**Data shown:**
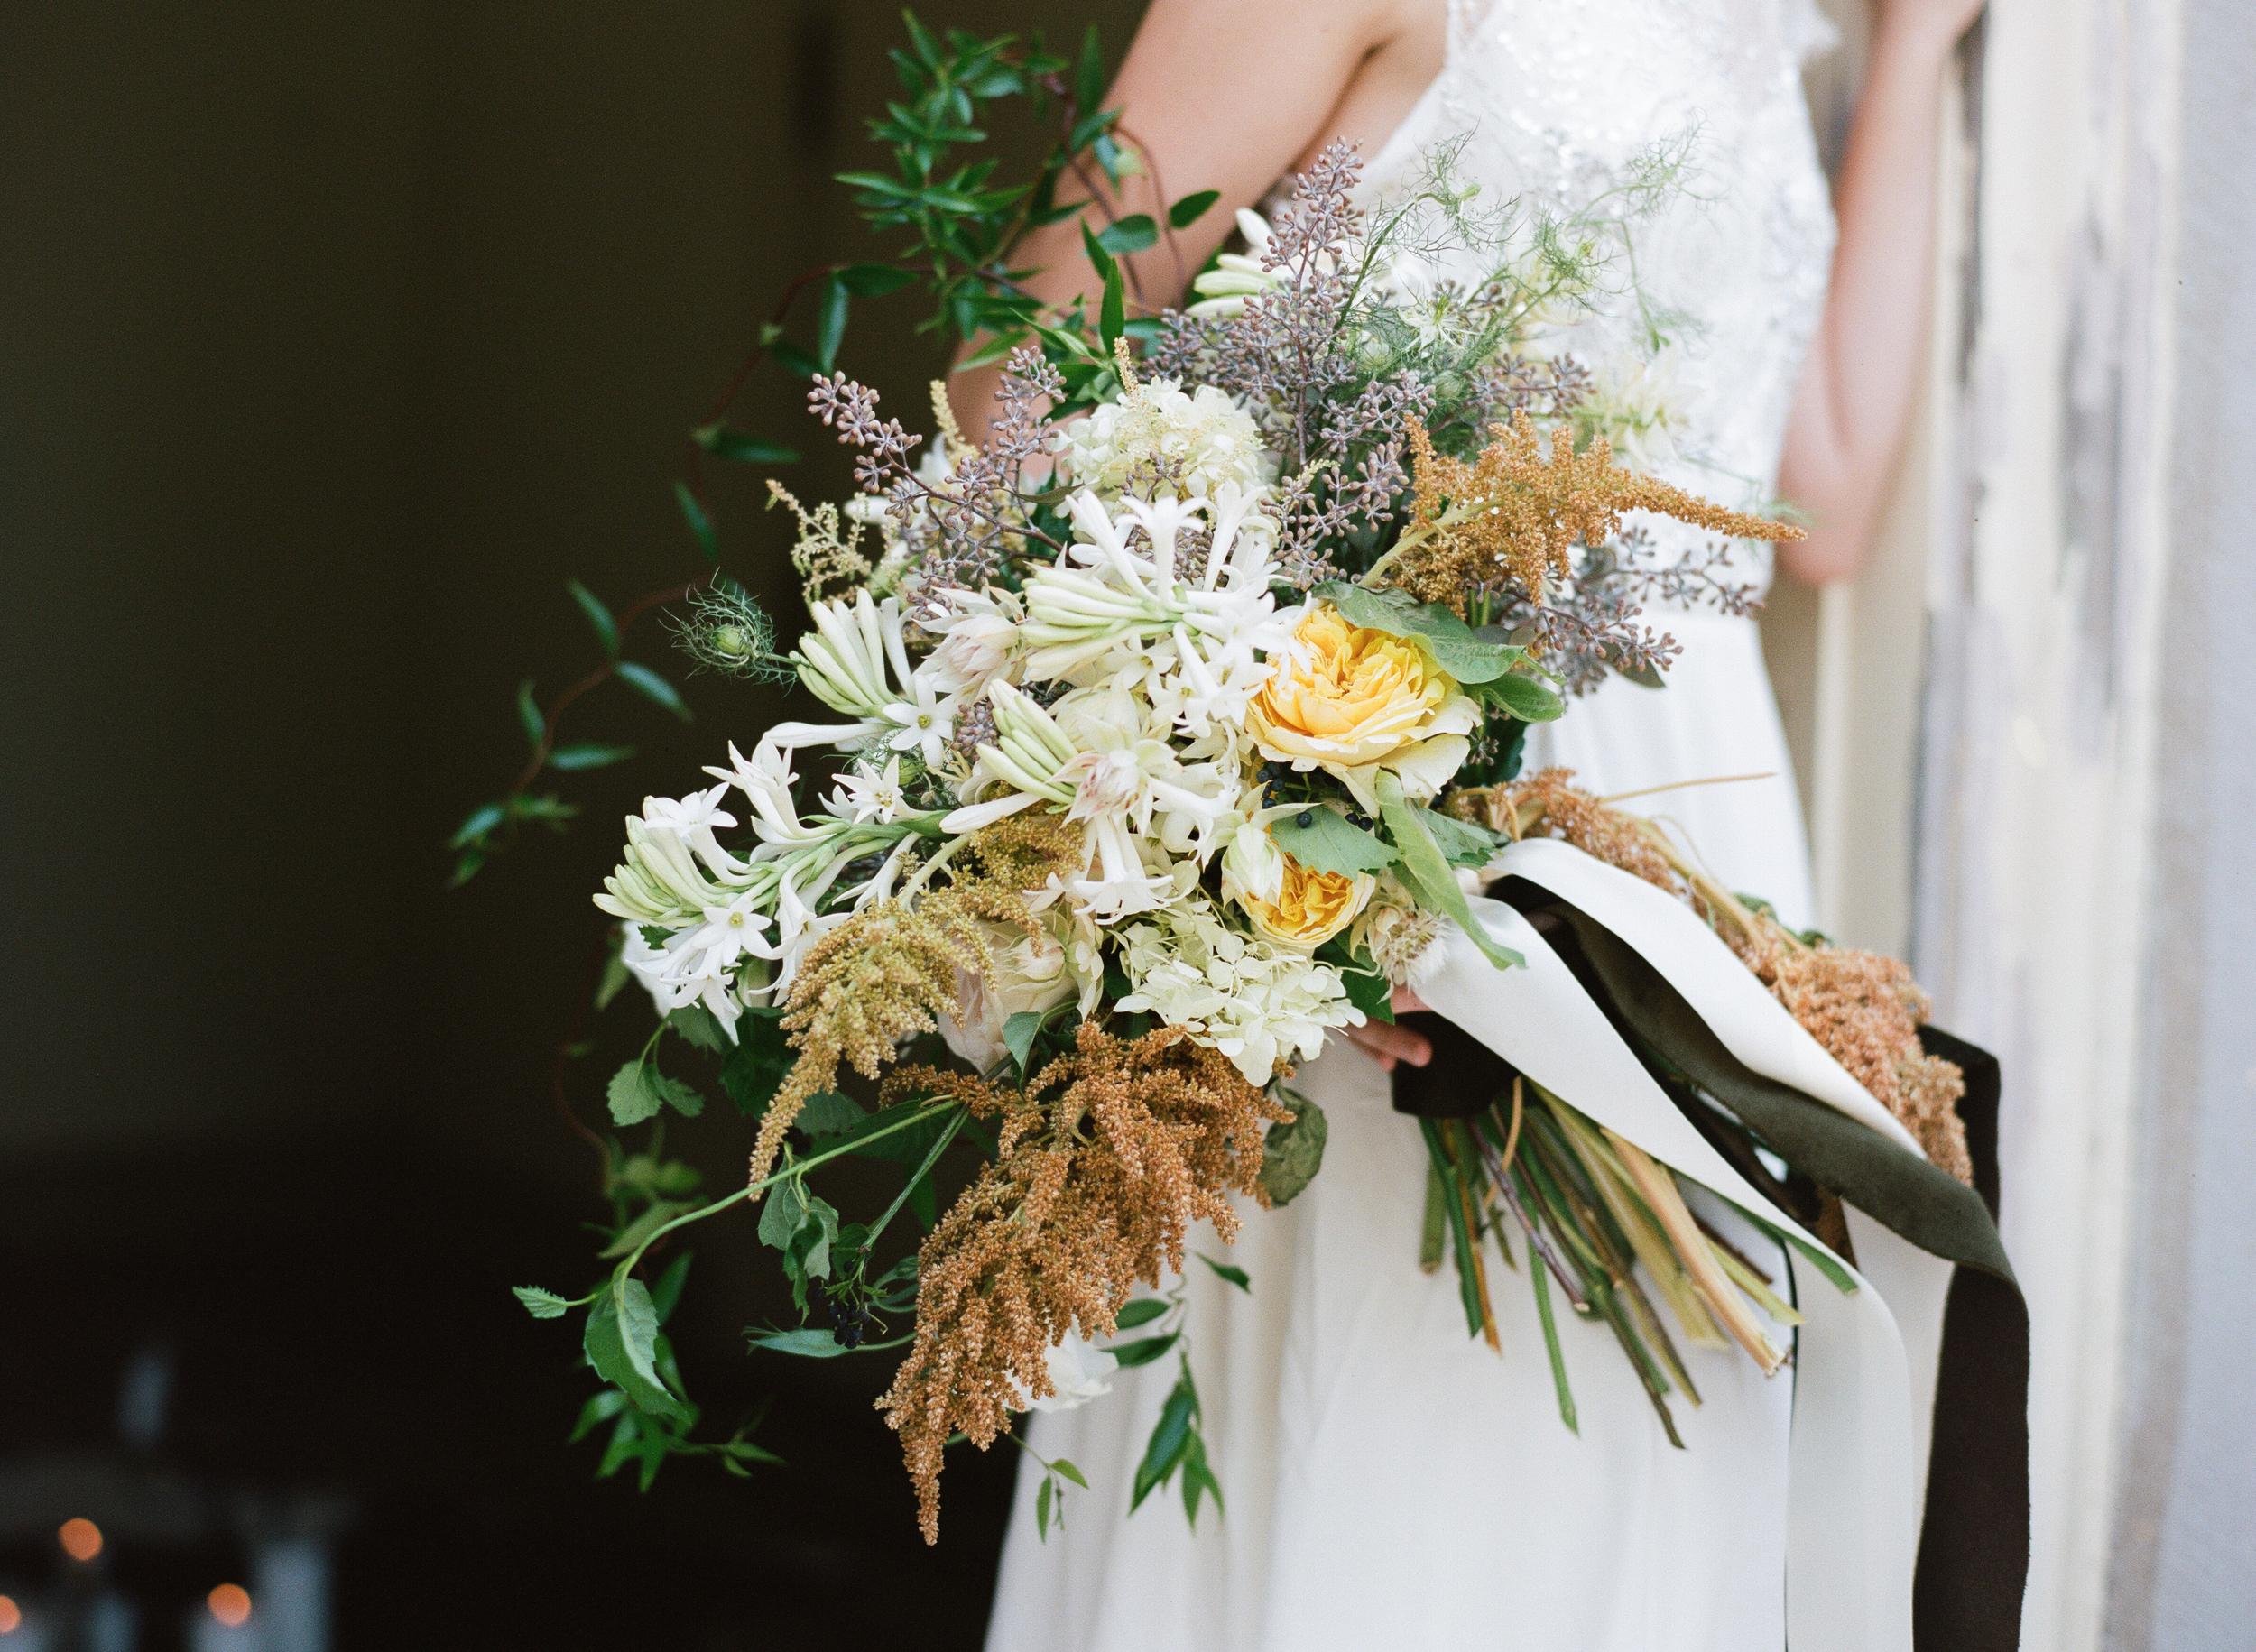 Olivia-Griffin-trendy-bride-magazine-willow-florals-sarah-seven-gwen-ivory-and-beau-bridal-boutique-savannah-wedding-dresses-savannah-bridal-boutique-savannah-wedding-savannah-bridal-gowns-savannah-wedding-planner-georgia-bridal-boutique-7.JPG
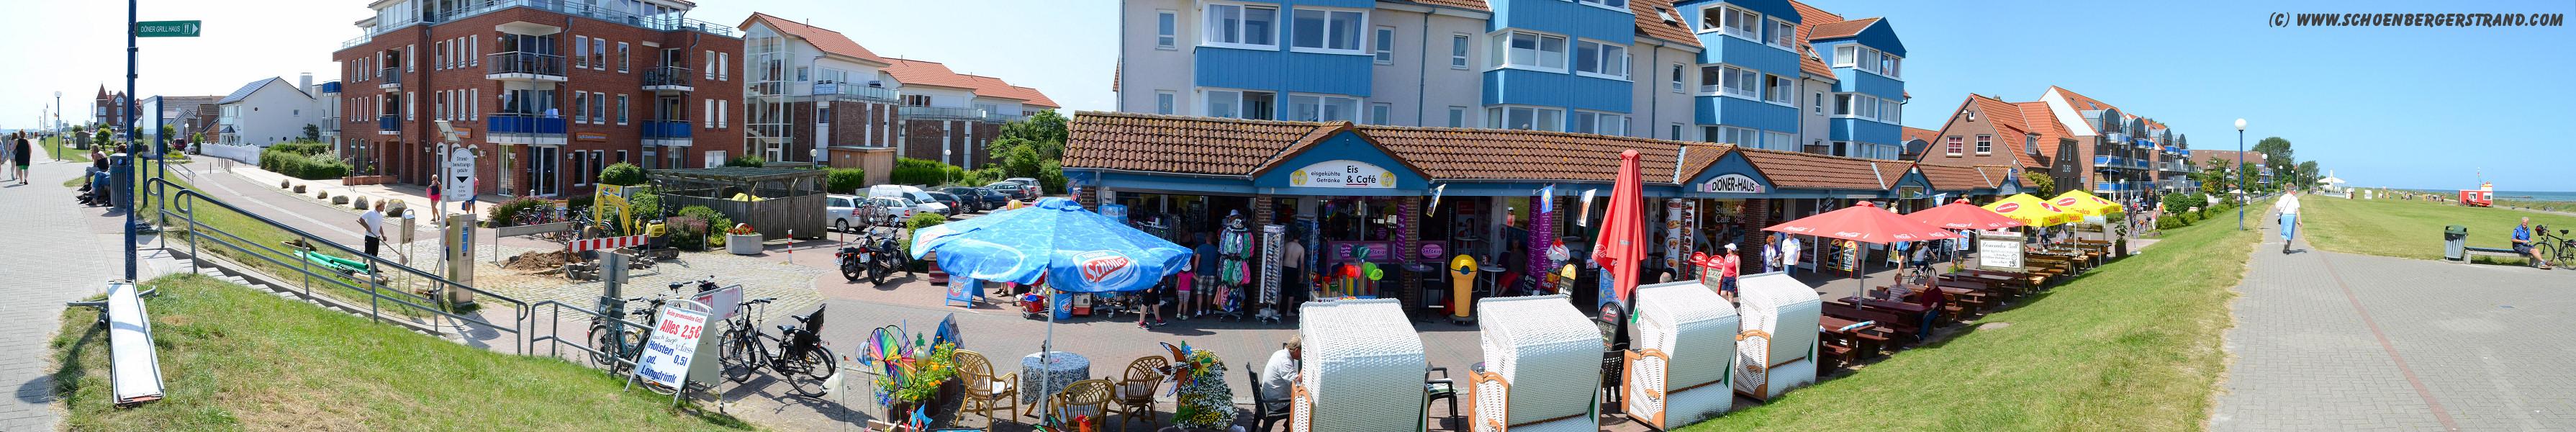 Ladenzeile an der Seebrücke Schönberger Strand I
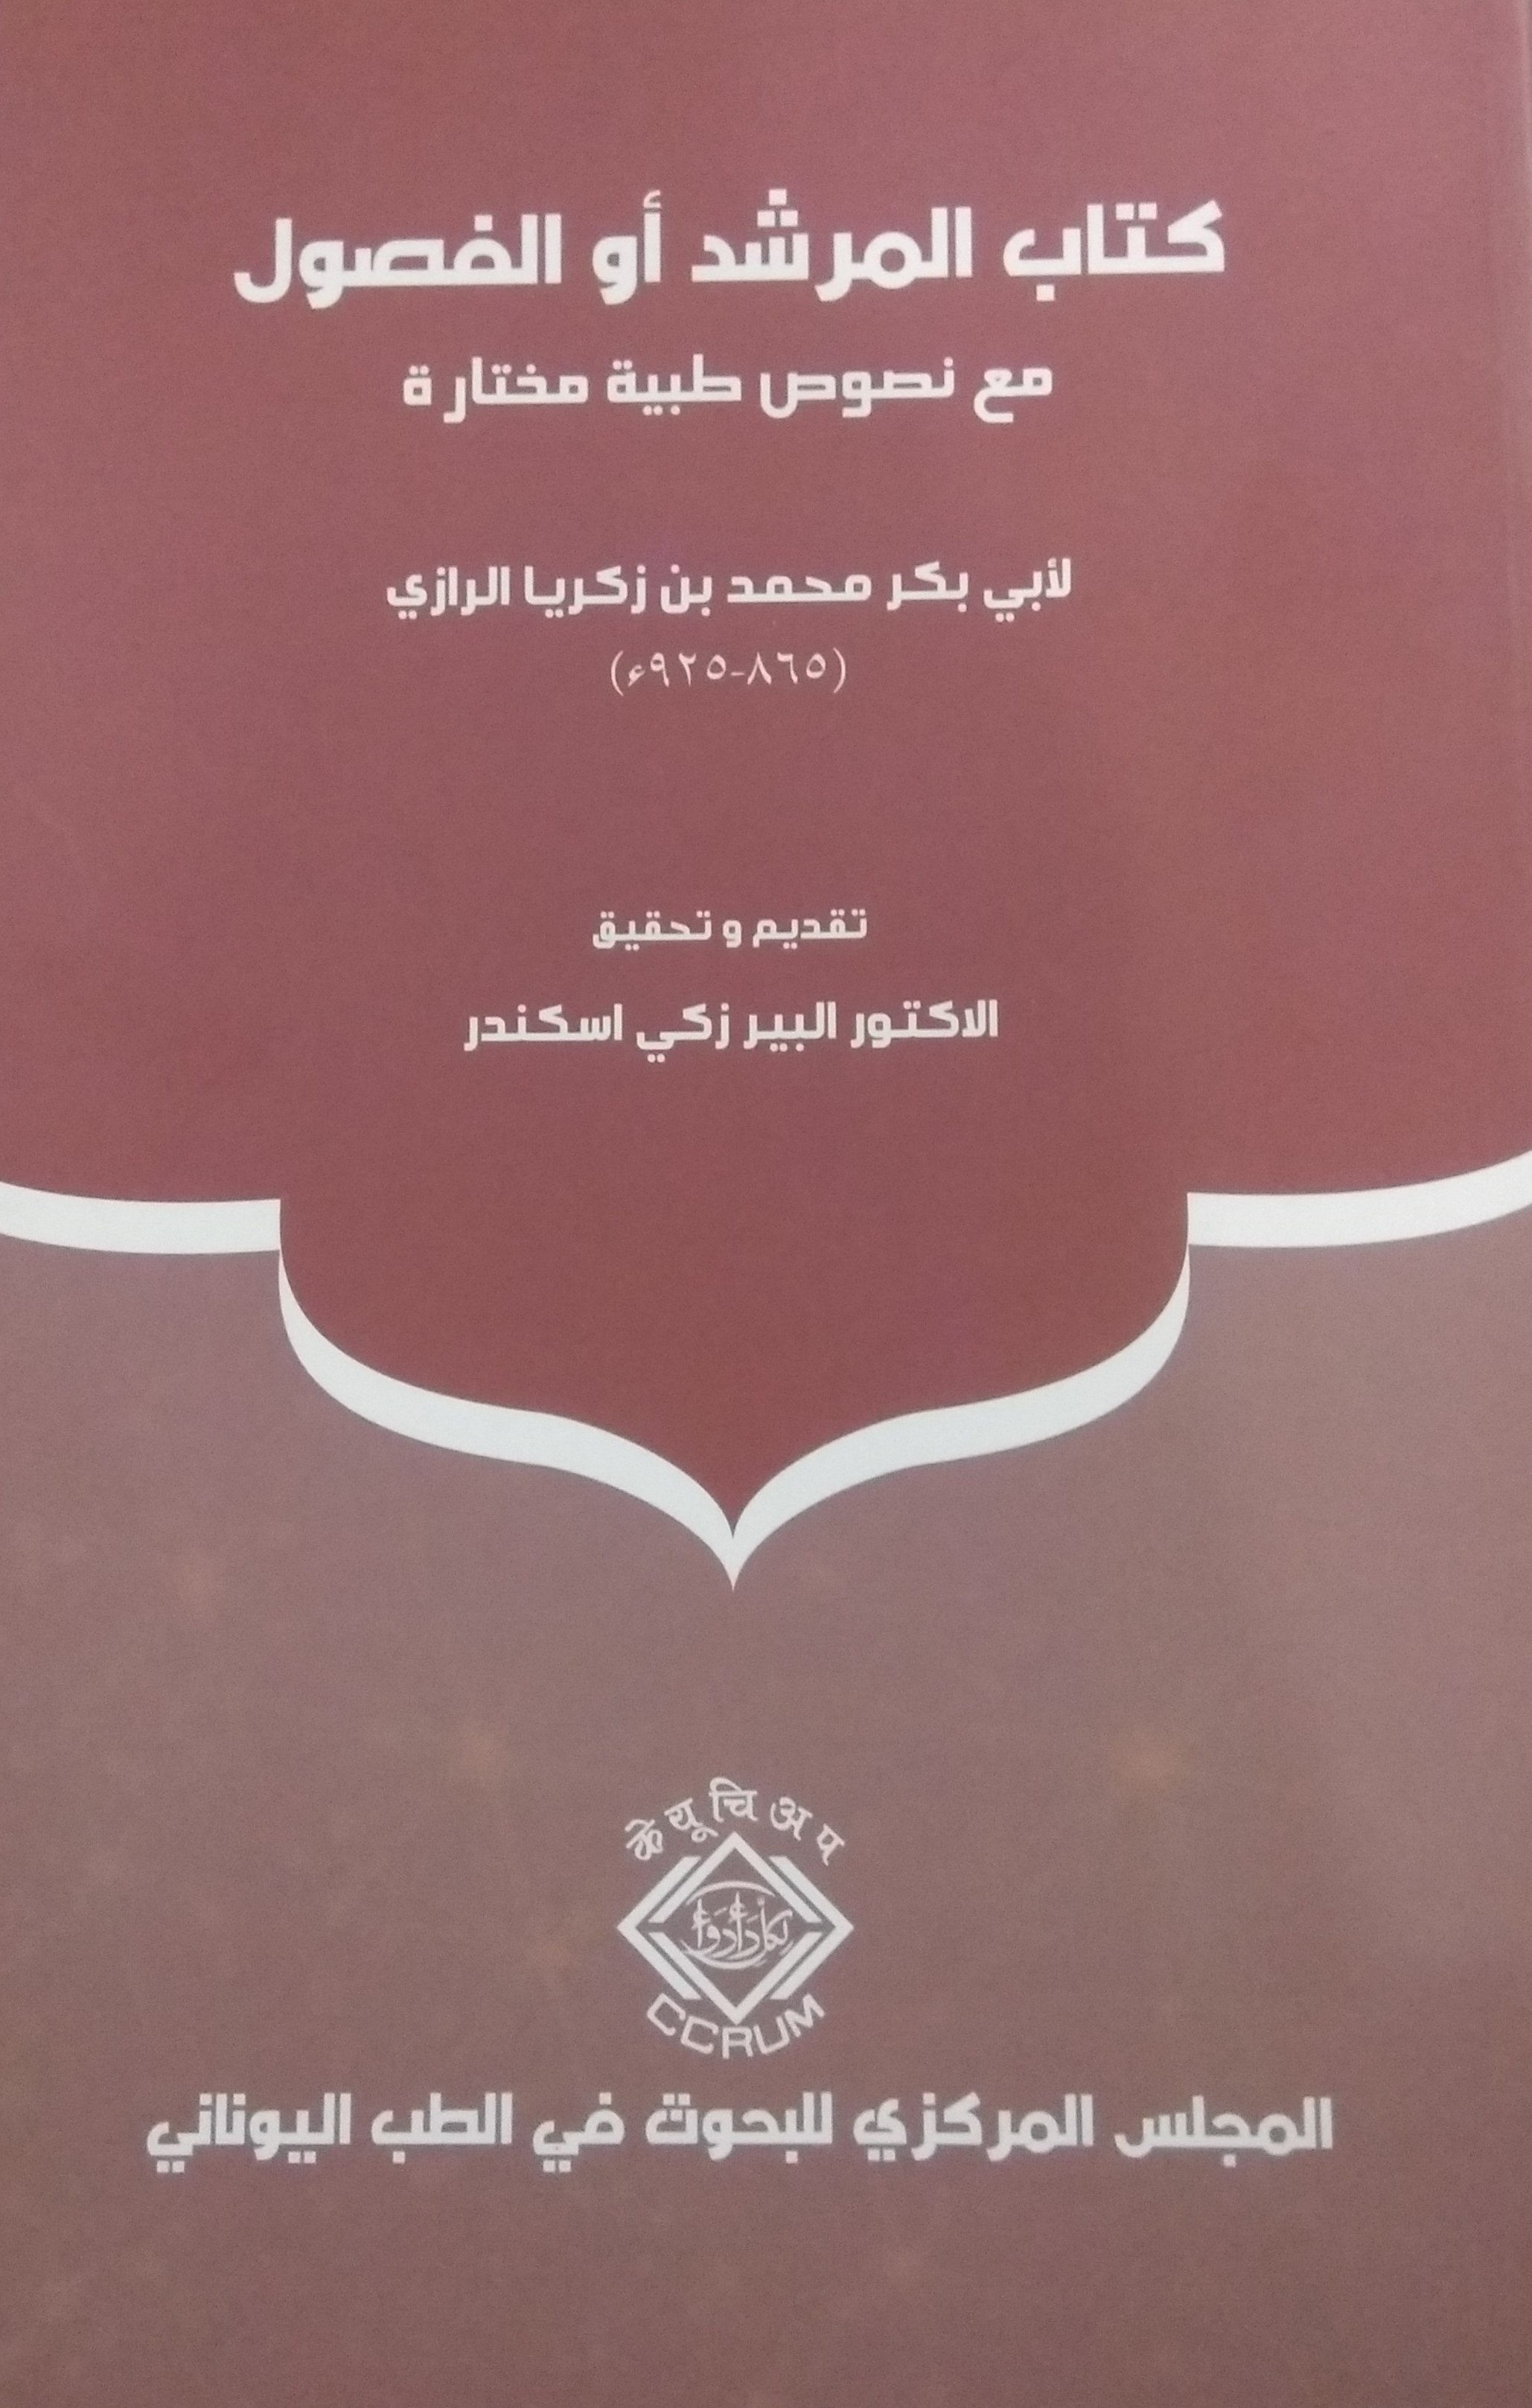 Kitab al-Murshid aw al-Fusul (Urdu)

**Your assignment:** Return the full material word for word. Do not include the pictures.

**Answer to the problem:**
 Olivia-Griffin-trendy-bride-magazine-willow-florals-sarah-seven-gwen-ivory-and-beau-bridal-boutique-savannah-wedding-dresses-savannah-bridal-boutique-savannah-wedding-savannah-bridal-gowns-savannah-wedding-planner-georgia-bridal-boutique-7.JPG
 Ladenzeile an der Seebrücke Schönberger Strand I
 Kitab al-Murshid aw al-Fusul (Urdu)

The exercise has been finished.